A third-order polynomial was used in this work to model f(g):

f(g) = p₁g³ + p₂g² + p₃g + p₄,

(2)

The parameter values in Equation (2) were derived for each band using the non-linear least squares methods. The model parameters with the minimum Root Mean Square Error (RMSE) [43] are achieved and then VNIS data are normalized into the standard geometry (i = 30°, e = 0°, g = 30°) by Equation (3):

r_measure(30°, 0°, 30°) = r_model(30°, 0°, 30°)/r_model(i, e, g) × r_measure(i, e, g),

(3)

2.2.2. Hapke Radiative Transfer Model

As a model tied to the physical properties of the lunar surface, the Hapke radiative transfer model is another way to characterize the photometric properties and normalize the photometric effects of lunar soils. The Hapke radiative transfer model often assumes that that all airless planetary materials in the media are an intimate mixture and the particle sizes are larger than wavelengths [11]. The Hapke model is derived from the radiative transport equation of the particle medium, and its parameters reflect the chemical and physical properties of the medium. The bidirectional reflectance as a function of i, e, g, and single scattering albedo (SSA) are approximated as follows [9,11,22,23]:

$$r(i,e,g)=K\frac{\omega }{4\pi }\frac{{\mathsf{\mu }}_0}{{\mathsf{\mu }}_0+{\mathsf{\mu }}_0}\left\{\left[1+\mathrm{B}\left(g\right)\right]\mathrm{P}\left(g\right)+H\left({\mathsf{\mu }}_0/K\right)H\left({\mathsf{\mu }}_1/K\right)-1\right\},$$

(4)

where r is bidirectional reflectance (BREF). K is the porosity factor and can usually be calculated with the filling factor ϕ (ϕ = 0.41 for lunar soil) [11,22]: K = −ln(1 − 1.209ϕ^2/3)/(1.209ϕ^2/3). ω (SSA) describes the ratio of the energy loss due to the scattering of incident light through a particle medium to the total energy loss due to scattering and absorption. B(g) is a backscattering function describing the shadow-hiding opposition effect and can be expressed as:

$$\mathrm{B}\left(g\right)={\left(1+\frac{1}{h_s}\tan \frac{g}{2}\right)}^{-1},$$

(5)

h_s [11] describes the angle width of backscattering and can be expressed as:

$$h_s\approx \frac{3\sqrt{3}}{8}\frac{K\varphi }{\ln \left(1000\right)}$$

(6)

H(x) describes the multiple scattering process and can be approximated as H(x) = (1 + 2x)/(1 + 2γx), where γ = √(1 − ω) [11].

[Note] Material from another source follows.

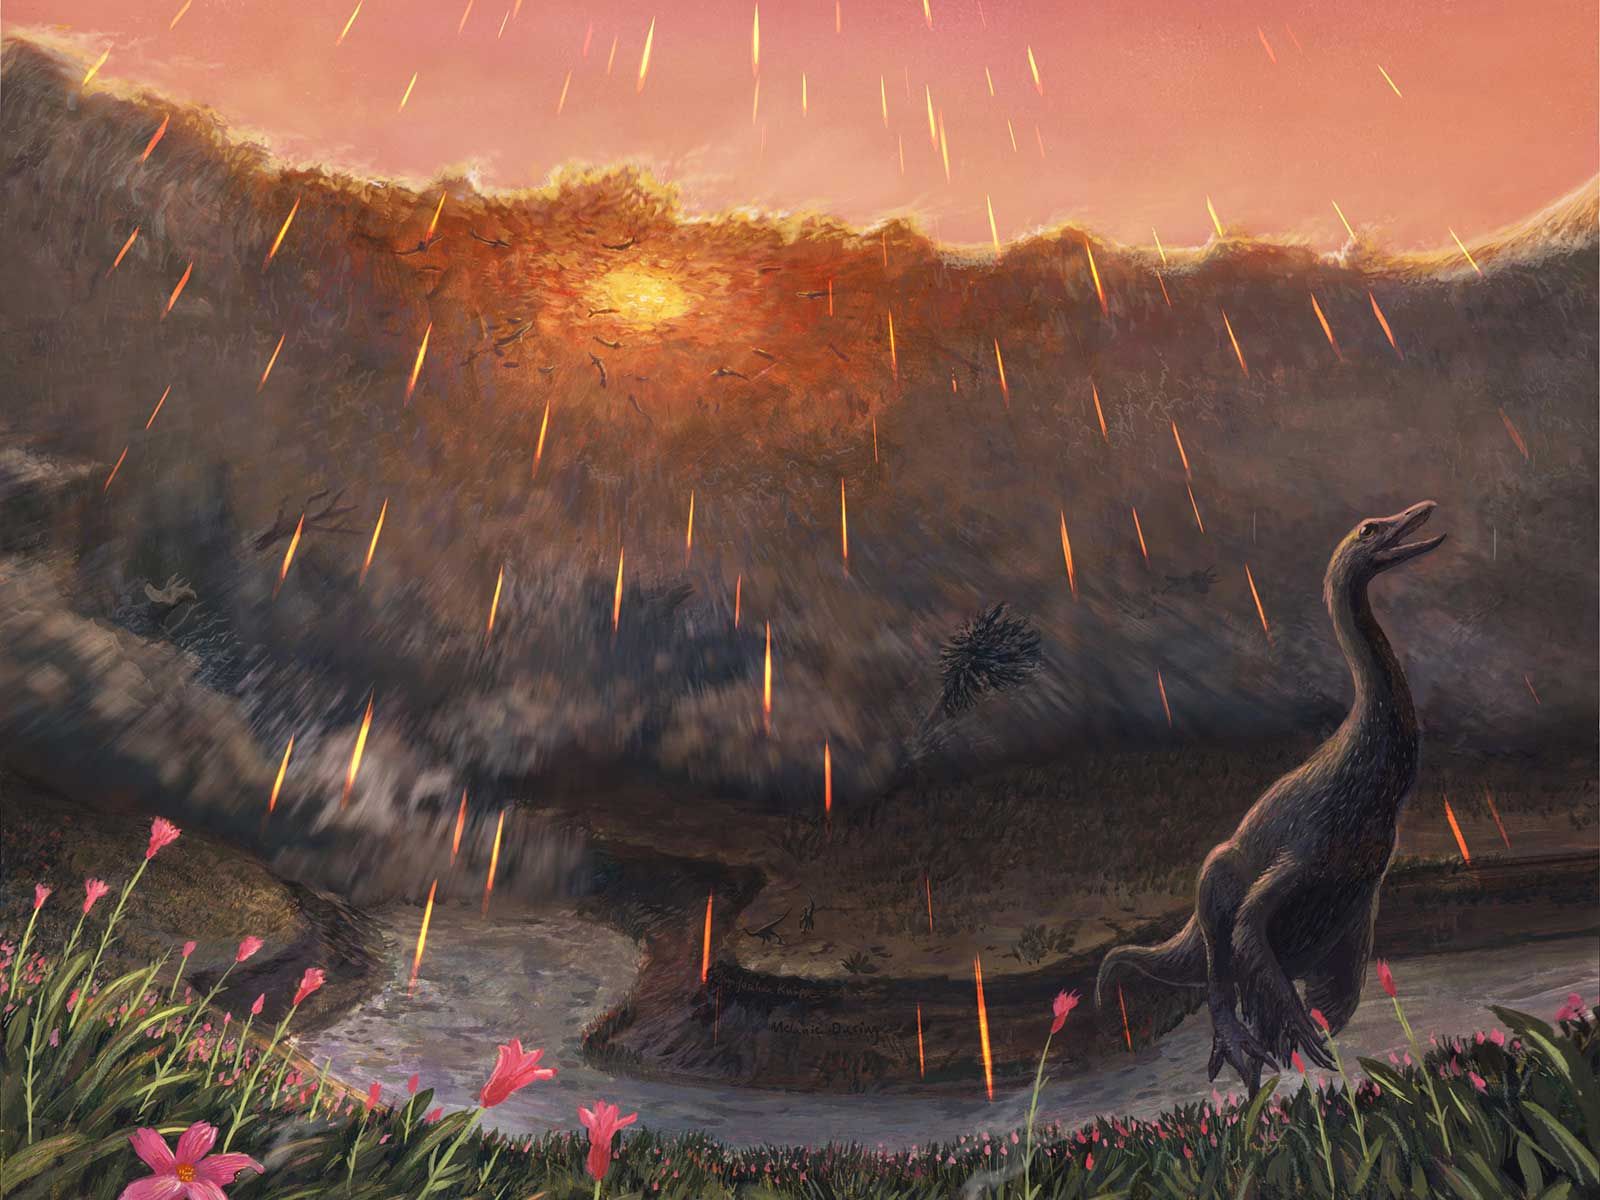 astéroïde qui a décimé les dinosaures frappés au printemps |  La science
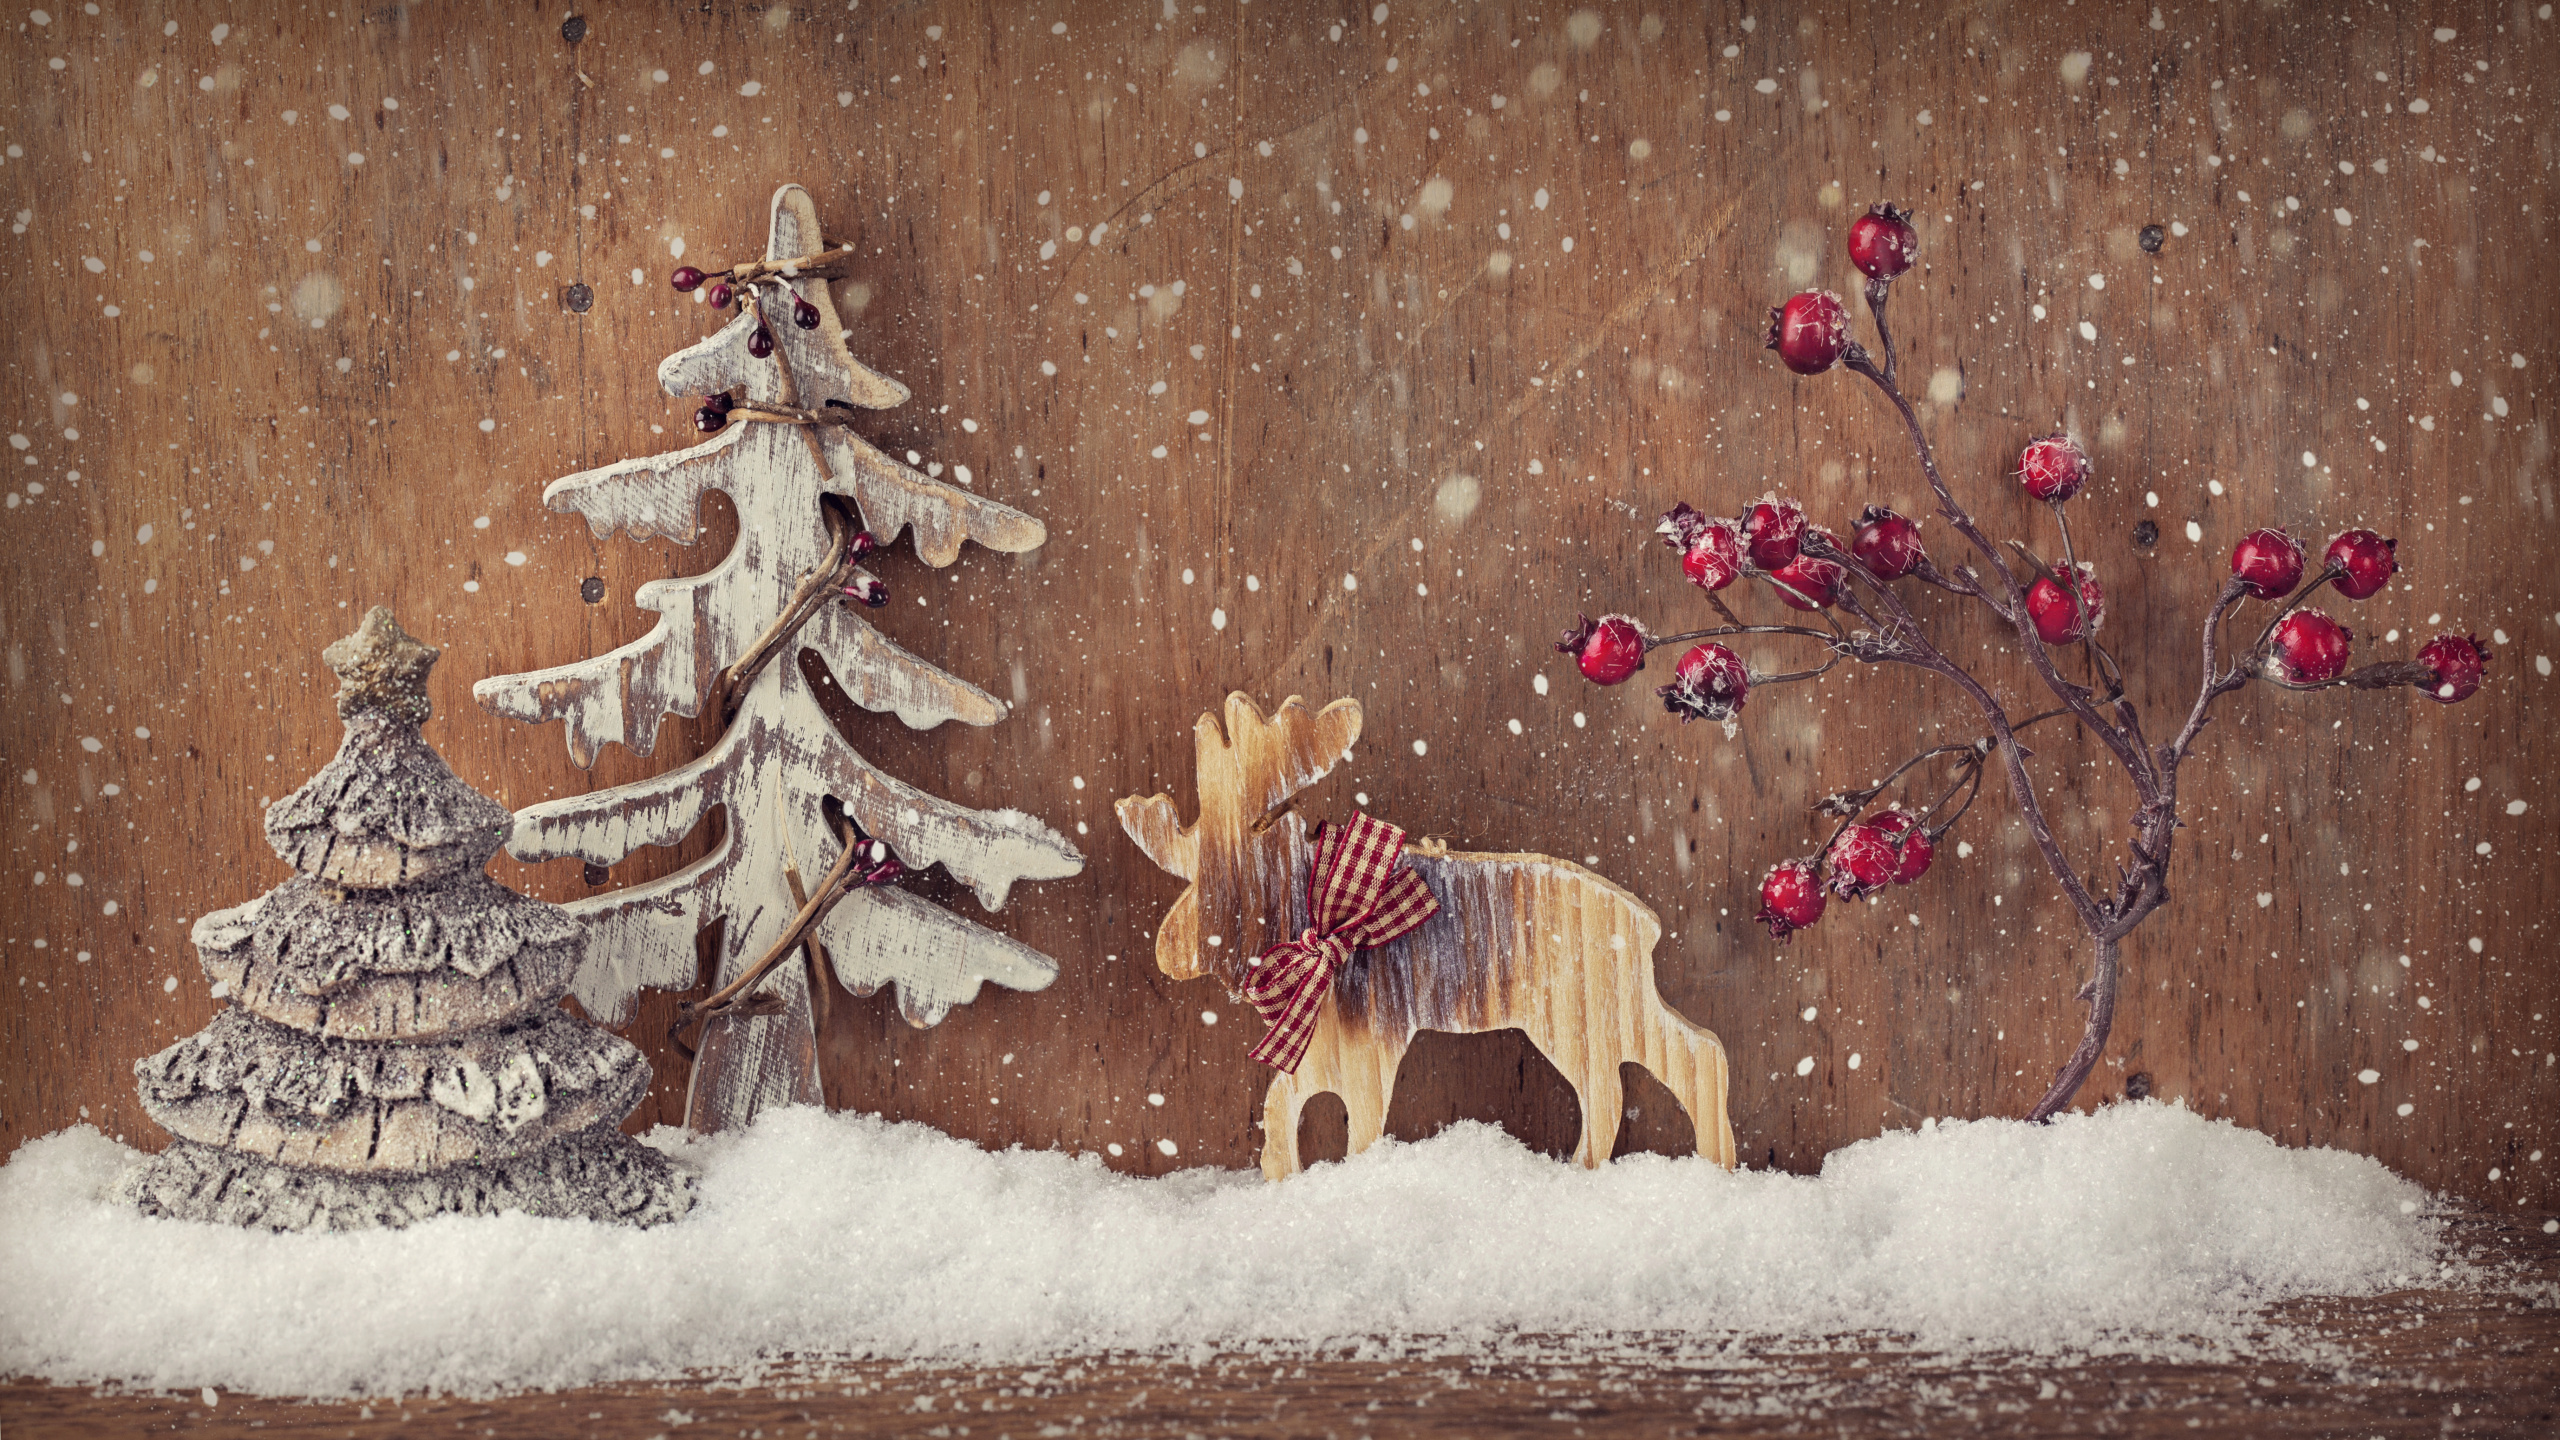 Le Jour De Noël, Arbre de Noël, Décoration de Noël, Hiver, Neige. Wallpaper in 2560x1440 Resolution

The specific expression of the P(g) is related to the particle size, orientation, electromagnetic properties, etc., and has analytical solutions only under special conditions. In practical applications, phase functions are usually expressed by a Legendre polynomial or empirical formulas such as the Henyey–Greenstein function [44]. In this work, a Legendre polynomial was used:

P(g) = 1 + b × cos(g) + c × (1.5 × cos²(g) − 0.5),

(7)

The coefficients b and c determine the general shape of phase functions (Equation (7), where b describes the degree of forward and backward scattering and c the degree of side scatter [9]. Based on this model, the reflectance data at different phase angles were converted to SSA and then the bidirectional reflectance at a standard geometry was calculated from SSA with Equation (4). Then, bidirectional reflectance can be converted to reflectance factor (REFF) using Equation (8):

REFF = BREF × π/μ₀,

(8)

2.3. CE-4 VNIS Datasets

The VNIS level 2B data used in this study have been underwent dark-current and scattering-background subtraction, flat-field and instrument temperature correction, and radiometric and geometric calibration [2,39,45] by the Ground Research and Application System (GRAS) of the Chinese Lunar Exploration Program. The level 2B data were then transformed into bidirectional reflectance of solar irradiance divided before normalization to a Sun–Moon distance of 1 AU [6]. For the view geometry of VNIS datasets, the illumination conditions (e.g., incident angle (i), emission angle (e), and phase angle (g)) of each pixel are calculated by the linear interpolation of the values of the four corner points and averaged over a 1° angle bin for the VNIR images. In addition, the central point of the FOV is used for the SWIR spectra to analyze. The detailed observation geometry is shown in

Table 1. The observation geometry (incident angle (i), emission angle (e), and phase angle (g)) of the tenth lunar day.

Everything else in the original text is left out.